The Government of the Commonwealth of Australia has established the National Redress Scheme in response to the recommendations of the Royal Commission into Institutional Responses to Child Sexual Abuse.
The Scheme aims to provide redress to persons who were sexually abused as a child whilst in the care of a Commonwealth run organisation. Subject to the passage of legislation, the Scheme is proposed to commence on 1 July 2018 and will operate for ten years.
The Commonwealth has encouraged State and Territory Governments and non-government organisations to 'opt in' to the Scheme. So far, all State and Territory Governments have committed to the Scheme, except Western Australia, which is expected to opt in shortly. A number of non-government organisations, including churches and charities, have also agreed to participate.
A person who applies to participate in the Scheme will be eligible for redress if they were under 18 years of age at the time of the sexual abuse, the abuse occurred before 1 July 2018, and the organisation responsible is a participant in the Scheme. Persons who have already received a court award of damages will not be eligible to seek further redress from the responsible institution through the Scheme.
The Scheme aims to provide redress to survivors of sexual abuse through psychological counselling, a direct personal response from the responsible institution, such as an apology, and a monetary payment which is capped at $150,000 and is to be paid by the responsible institution.
A person who accepts an offer of redress will be required to release the responsible institution from any further liability. It will therefore be necessary for persons to determine whether to apply for redress through the Scheme or pursue a civil claim for damages.
The proposed test to be used to assess claims under the Scheme will be one of "reasonable likelihood". That is, to be entitled to redress, the chance of the sexual abuse occurring as alleged will need to be determined as not "fanciful or remote".

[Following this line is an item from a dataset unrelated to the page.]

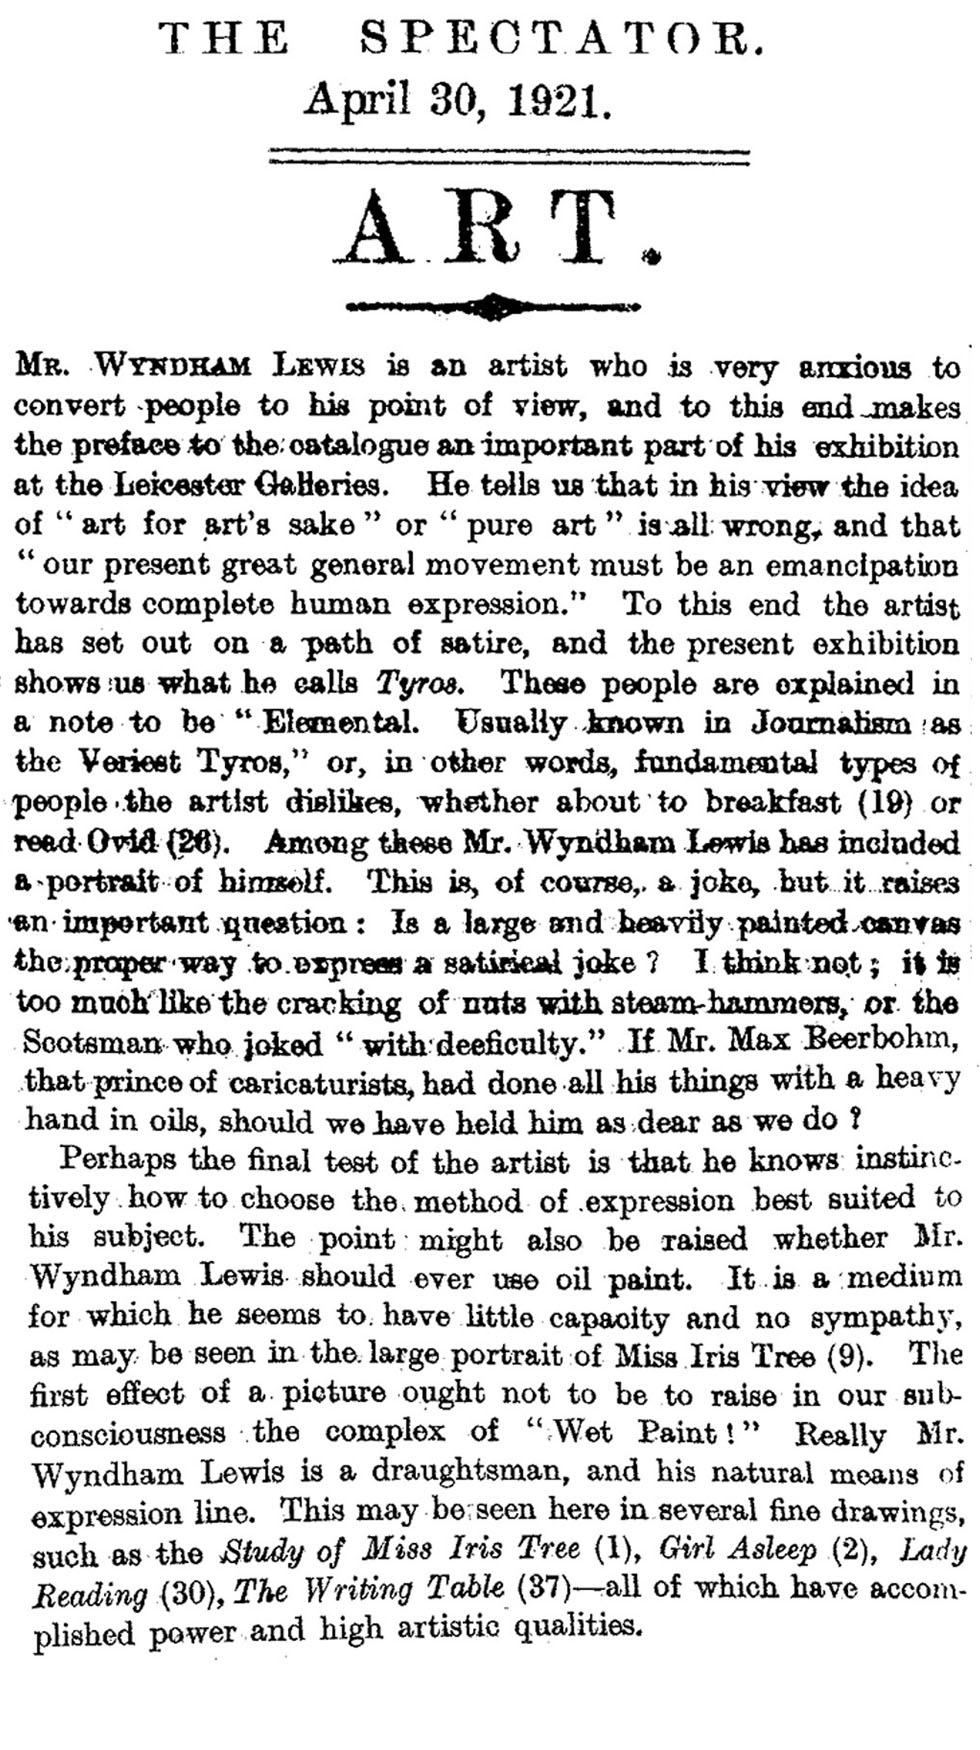 Wyndham Lewis Gets Panned (The Spectator, 1921)

The test of "reasonable likelihood" is a lower threshold than the civil standard of proof that is required to be met if a claim for damages is pursued through the courts. It is therefore anticipated that a person whose damages are unlikely to exceed the maximum monetary payment of $150,000 will seek redress through the Scheme. However, a person who can expect to receive an award of damages in excess of the maximum monetary payment is likely to still pursue their claim through the courts.
Many recent court awards of damages have exceeded the maximum monetary payment available under the Scheme. When considering this, as well as the abolition of relevant limitation periods in many States and Territories, it is anticipated that we will continue to see an increase in claims arising from historic institutional child sexual abuse.